Subscription is not dropped, just waits infinitely for events. That was tested on in-memory EventStore using following program:

class Program
{
static void Main(string[] args)
{
for (int i = 1; i <= 10; ++i)
Test(i);
for (int i = 1; i < 30; ++i)
Test(10 + 5 * i);

        Console.ReadLine();
    }

    private static ManualResetEvent connected = new ManualResetEvent(false);
    private static void Test(int delay)
    {
        connected.Reset();
        var old = Process.GetProcessesByName("EventStore.ClusterNode");
        foreach (var p in old)
            p.Kill();
        Thread.Sleep(1000);

        var path = @"C:\Projects\EventStore";
        ProcessStartInfo info = new ProcessStartInfo();
        info.Arguments = "--mem-db";
        info.FileName = path + @"\EventStore.ClusterNode.exe";
        Process.Start(info);
        ConnectionSettings cs = ConnectionSettings.Create().
                    KeepReconnecting().
                    KeepRetrying().
                    SetHeartbeatInterval(TimeSpan.FromMinutes(10)).
                    SetHeartbeatTimeout(TimeSpan.FromMinutes(11)).
                    WithConnectionTimeoutOf(TimeSpan.FromMinutes(10)).
                    SetOperationTimeoutTo(TimeSpan.FromMinutes(10)).Build();
        IPEndPoint ip = new IPEndPoint(new IPAddress(new byte[] { 127, 0, 0, 1 }), 1113);
        var connection = EventStoreConnection.Create(cs, ip);
        connection.Connected += connection_Connected;
        connection.ConnectAsync().Wait();
        connected.WaitOne();
       
        Thread.Sleep(delay);

        var received = false;
        var dropped = false;
        EventStoreAllCatchUpSubscription subscription = null;

        for (int i = 1; i < 100; ++i)
        {
            if (subscription == null)
            {
                subscription = connection.SubscribeToAllFrom(Position.Start, false,
                    (s, e) =>
                    {
                        received = true;
                    },
                    null,
                    (arg1, arg2, arg3) =>
                    {
                        dropped = true;
                        subscription = null;
                    },
                    new UserCredentials("admin", "changeit"));
            }
            Thread.Sleep(50);                
        }

        if (received)
            Console.Write("Events received, ");
        else
            Console.Write("*NO* events received, ");

        if (dropped)
            Console.Write("dropped, ");
        else
            Console.Write("not dropped, ");
        Console.WriteLine("delay " + delay);
    }

    static void connection_Connected(object sender, ClientConnectionEventArgs e)
    {
        connected.Set();
    }
}

``

Here is an example output showing when errors appears:

Problem usually occured with subscription with inital delay around 40-100ms. For subscription established after about 2 seconds (when EventStore has completed initailization, based on its output) that error never happened. The reason why EventStore is started manually is that this scenario is used in unit tests.

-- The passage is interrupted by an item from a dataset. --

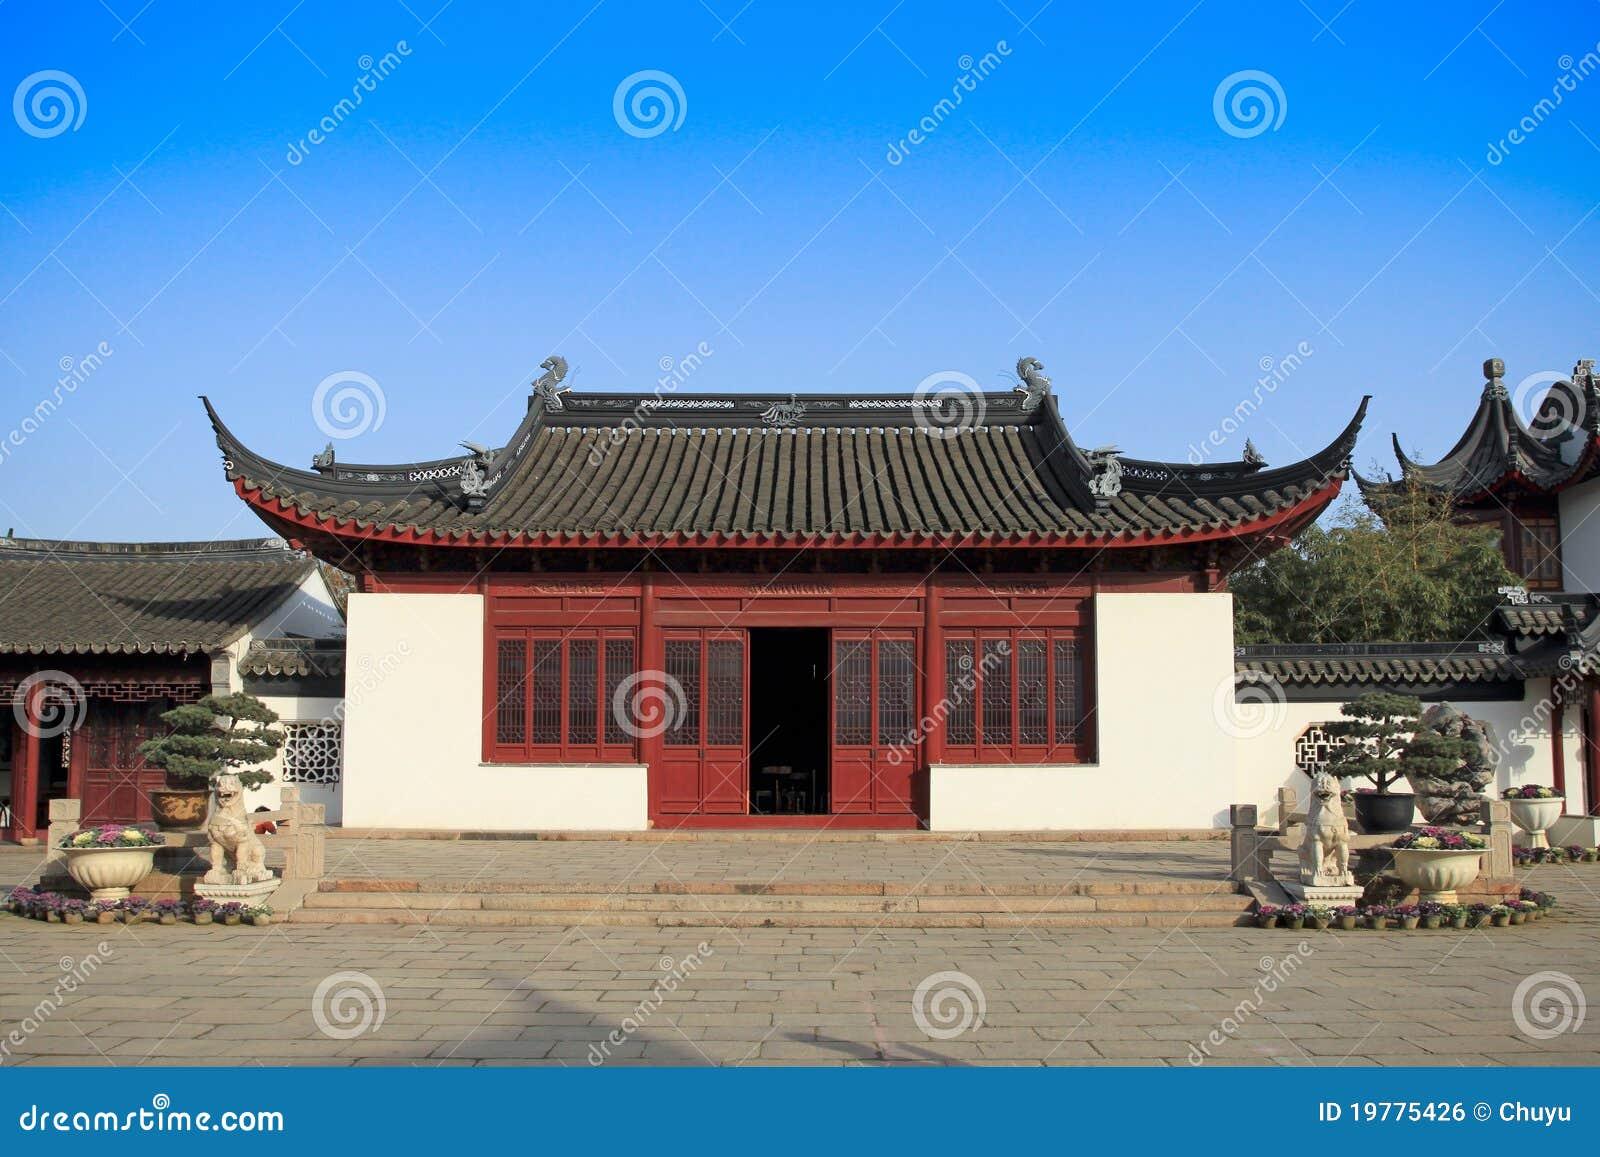 Maison Traditionnelle Chinoise Photo Stock Image Du Asie Tourisme 19775426

We have found workaround for that - subscription is tested if it received any events (including system one). If no events appeared in ~200ms, subscription is closed and established again. Is there an other way to make sure, that subscription is established correctly and it will return events ?

Cheers,

Roman.

This code is pretty interesting. What are you trying to do here exactly?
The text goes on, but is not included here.